# new yote gun



## minnesota_hunter (Jun 29, 2008)

I live in S.E. minn. and i just started yote hunting last year when i started i bought a Savage 17 rimfire with the varmit barrel, but im now looking at getting a tikka in either 233, 22-250, or in 204 ruger. which one do you think i should get. most of the shots i take are 50 to 300 yards. i also would like to know which one does the lest amount of pelt damage.

THANKS


----------



## huntinND (May 1, 2008)

You will probably get a response supporting each one of these cartridges but I would choose the .22-250 if you are only going to use it for coyotes. The .223 is fine too but the .22-250 will have a slightly higher velocity with the same bullets. And I'm assuming you won't be shooting hundreds of rounds so cost of ammo probably won't be as important. I have never used a .204 for coyotes but I guess I don't see any advantages of using it over a .22-250. Some might say that it will have less pelt damage but with the right bullet any of these will cause minimal damage. The smaller bullet would drift more in the wind and I would worry about marginal hits with a .204.


----------



## CoyoteBlitz (Apr 11, 2007)

I would choose .204 or 22-250; with the 250 you shoot the same bullet as a 223 but with more killing power and velocity, and the 204 shoots lighter bullets, and with more killing power than a 223. Do you reload?


----------



## cwoparson (Aug 23, 2007)

I agree with huntinND if coyotes are the sole target then the 22-250 would be my choice with the .223 behind that. If most of my shooting was for something like PD's with a coyote now and then, I might look towards the 204 with it's flatter shooting with light bullets. However the 204 at 300 yards with a Hornady 32 grain PP (500 fpe) is still 22 fpe short of the .223 and a Hornady 40 grain Vmax at 522 fpe at the same distance. One thing you can do with the .223 is move up in heavier bullets when required which is something not possible with the 204 and those 50-55 grainer's in the .223 are still running 550-600 fpe at 300 yards. Of course the 22-250 beats both the .204 and .223 and is almost as flat shooting as the 204. So for me it would be 22-250 and then the 223. For a dedicated coyote gun I don't think I would even consider the 204. But that's just me.


----------



## kdog (Mar 13, 2007)

Good to see another MN hunter on here.

We have been down this road before. Just go to the Hornady website and look it up with your own eyes. Most hunters (bless their hearts), are a little misinformed when it comes to ballistics. When people think of the .204, they for some reason think only in terms of the 32 grain bullet. The .204 uses 40 grain bullets as well (and larger). When you check the Hornady website, it will give you ballistic coefficients for all sizes of the Vmax bullets, velocities of each as loaded ammunition, and you can plug all of that info into their ballistics program to get all the data you need. Things such as bullet drop, wind drift, terminal velocity etc. are all right there in front of you. The fact is, that the .204 is overall superior to either the .223 or the 22-250. If you compare a 40 grain .204 Vmax to a 40 grain 22-250 Vmax, you will find that bullet drop is less in the .204, wind drift is less, and energy is greater at 300 yards! The real key is the increased ballistic coefficient of the 40 grain .204. The ballistic tables don't lie. Do yourself a favor and check it out for yourself.

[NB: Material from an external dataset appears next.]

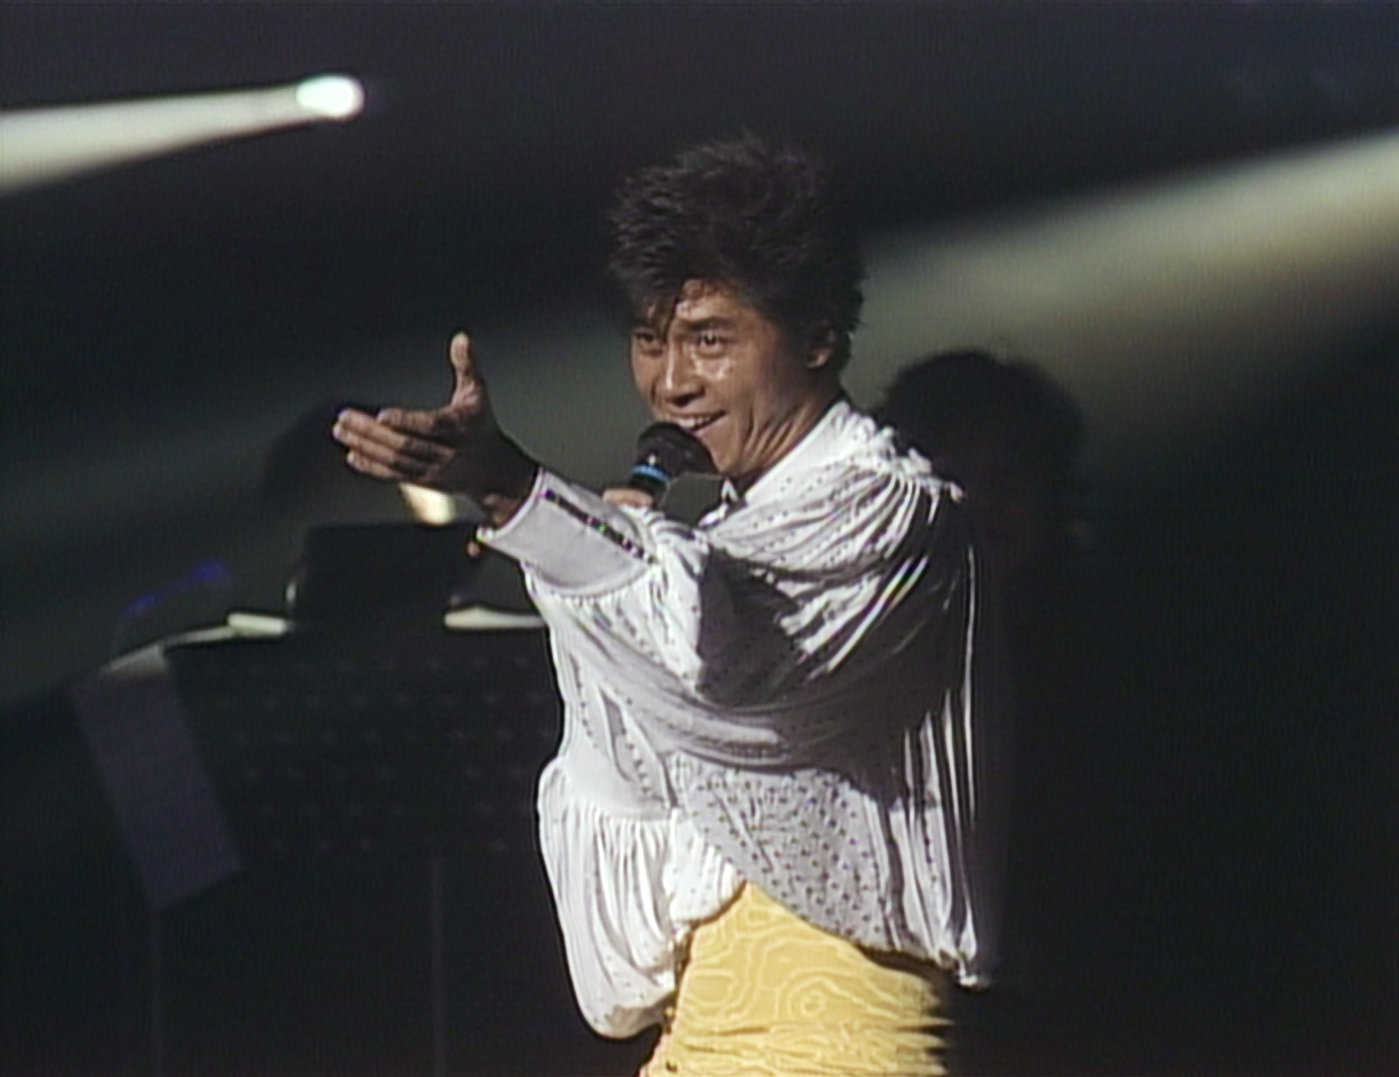 西城秀樹1985年の武道館公演を初BD化、発売前日に全国の映画館で上映会も | Musicman

Good luck with your decision! :sniper:


----------



## barebackjack (Sep 5, 2006)

Do yourself a favor and get a 250. If you plan on shooting ALOT (and dont reload) maybe look at a .223. But its inferior to the 250.

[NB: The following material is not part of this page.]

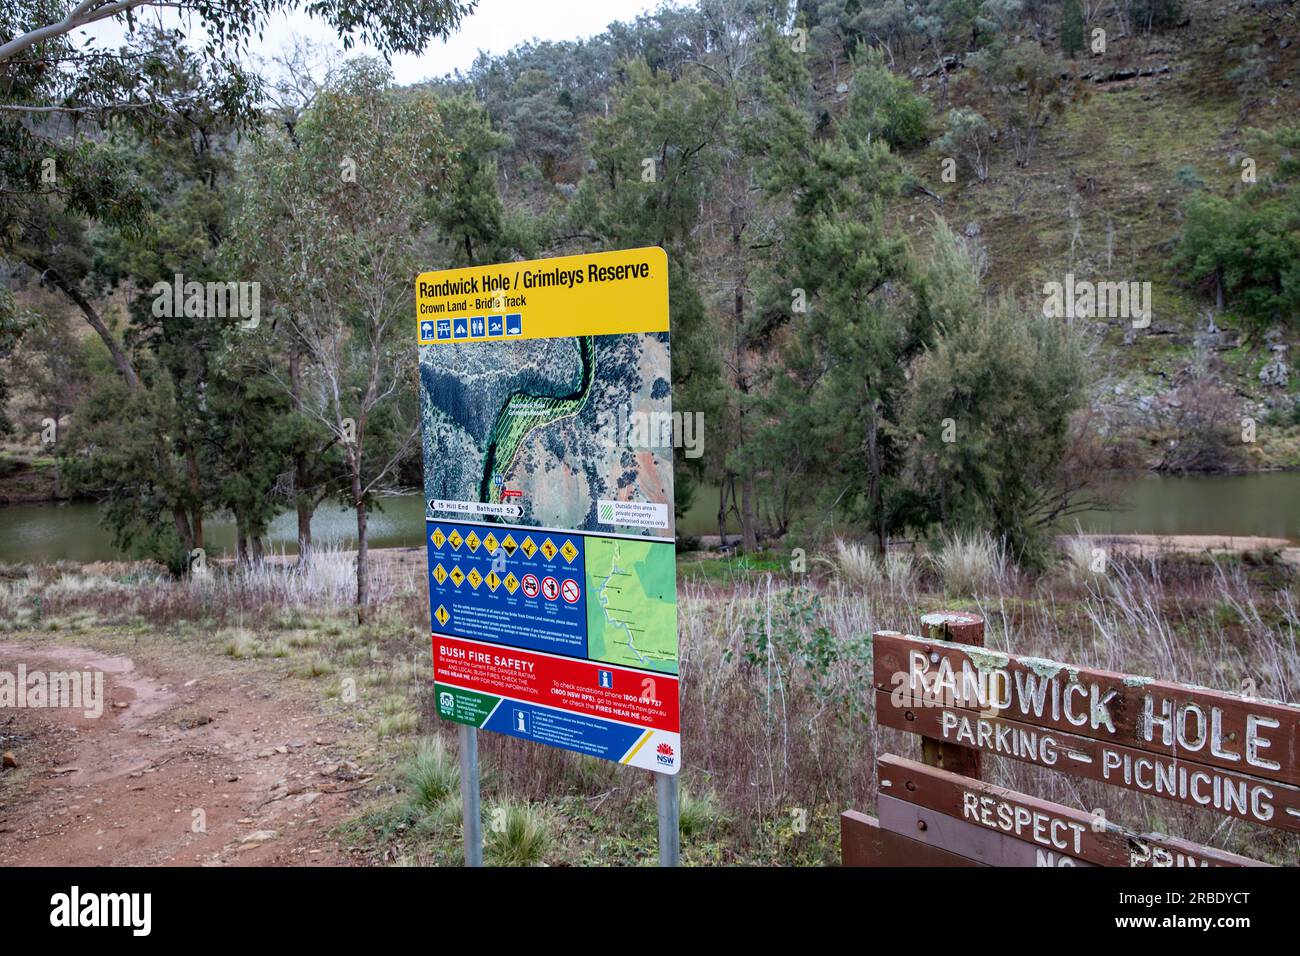 Hill End, Randwick Hole e il campo di riserva di Grimley accanto al fiume Macquarie, New South Wales, Australia Foto Stock

Dont know much about the .204 other than the two dogs ive seen hit with it didnt anchor.


----------



## Plainsman (Jul 30, 2003)

> .204 is overall superior to either the .223 or the 22-250. If you compare a 40 grain .204 Vmax to a 40 grain 22-250 Vmax,


That is the best bullet for the 204, and the worst bullet for the 22-250. It's like comparing a 100 gr bullet in a 243 and in a 308. Throw a 55 gr in the 22-250 and top the 204 by 250 ft/lb. at 300 yards. You can't do a lot better with handloads in the 204, but I push a 60 gr V-Max at 3650 fps. The 204 can't touch that. It's a great little gun, but it lacks the versatility of the 22-250.


----------



## kdog (Mar 13, 2007)

Let me get this straight; the 22-250 in either a 40, 55 or 60 grain bullet will drop less at 300 yds, drift less at 300 yards, and will be more fur friendly at all ranges than the 40 grain Vmax in a .204?

Hmmmmmm.

Check out the Hornady website minnesota_hunter


----------



## Plainsman (Jul 30, 2003)

I'm not saying it will drop less, I am saying that the larger 22 caliber bullets will put down a coyote more decisively at longer ranges. I am also saying that with the 204 you can not go much larger than coyote. With a 22-250 you are legal for deer, and if you have a fast twist barrel there are bullets available up to and beyond 80 gr. 
Coyotes to 300 yards take your pick. Coyotes beyond that shoot heavier bullets in a 22-250. If you want to legally hunt deer you can do it with the 22-250. If the 204 was just as good it would be a legal deer cartridge here in North Dakota. 
I have not used a 204 for coyote, but I think it's a great little cartridge. I would expect that like the 17 caliber it's accuracy is slightly more susceptibility to barrel fouling. It would have to be because if you deform a 20 caliber bullet one or two ten thousandths of an inch it will have much more affect than one or two ten thousandths on a larger diameter bullet. Also like the 17 caliber I would expect that Moly will greatly extend it's ability to maintain accuracy.
You did get my point that you were comparing the best bullet in the 204 to one of the worst for the 22-250 right? Same weight bullets with smaller diameter always have a better ballistic coefficient. It is a law you can not get away from. The 22-250 performs best with heavier bullets. Still I shoot some 40 gr in the 22-250.


----------



## minnesota_hunter (Jun 29, 2008)

well i think im getting the 22-250, but i'm also shooting at fox is that to much and also what bullet for the 250 does the least amount of pelt damage.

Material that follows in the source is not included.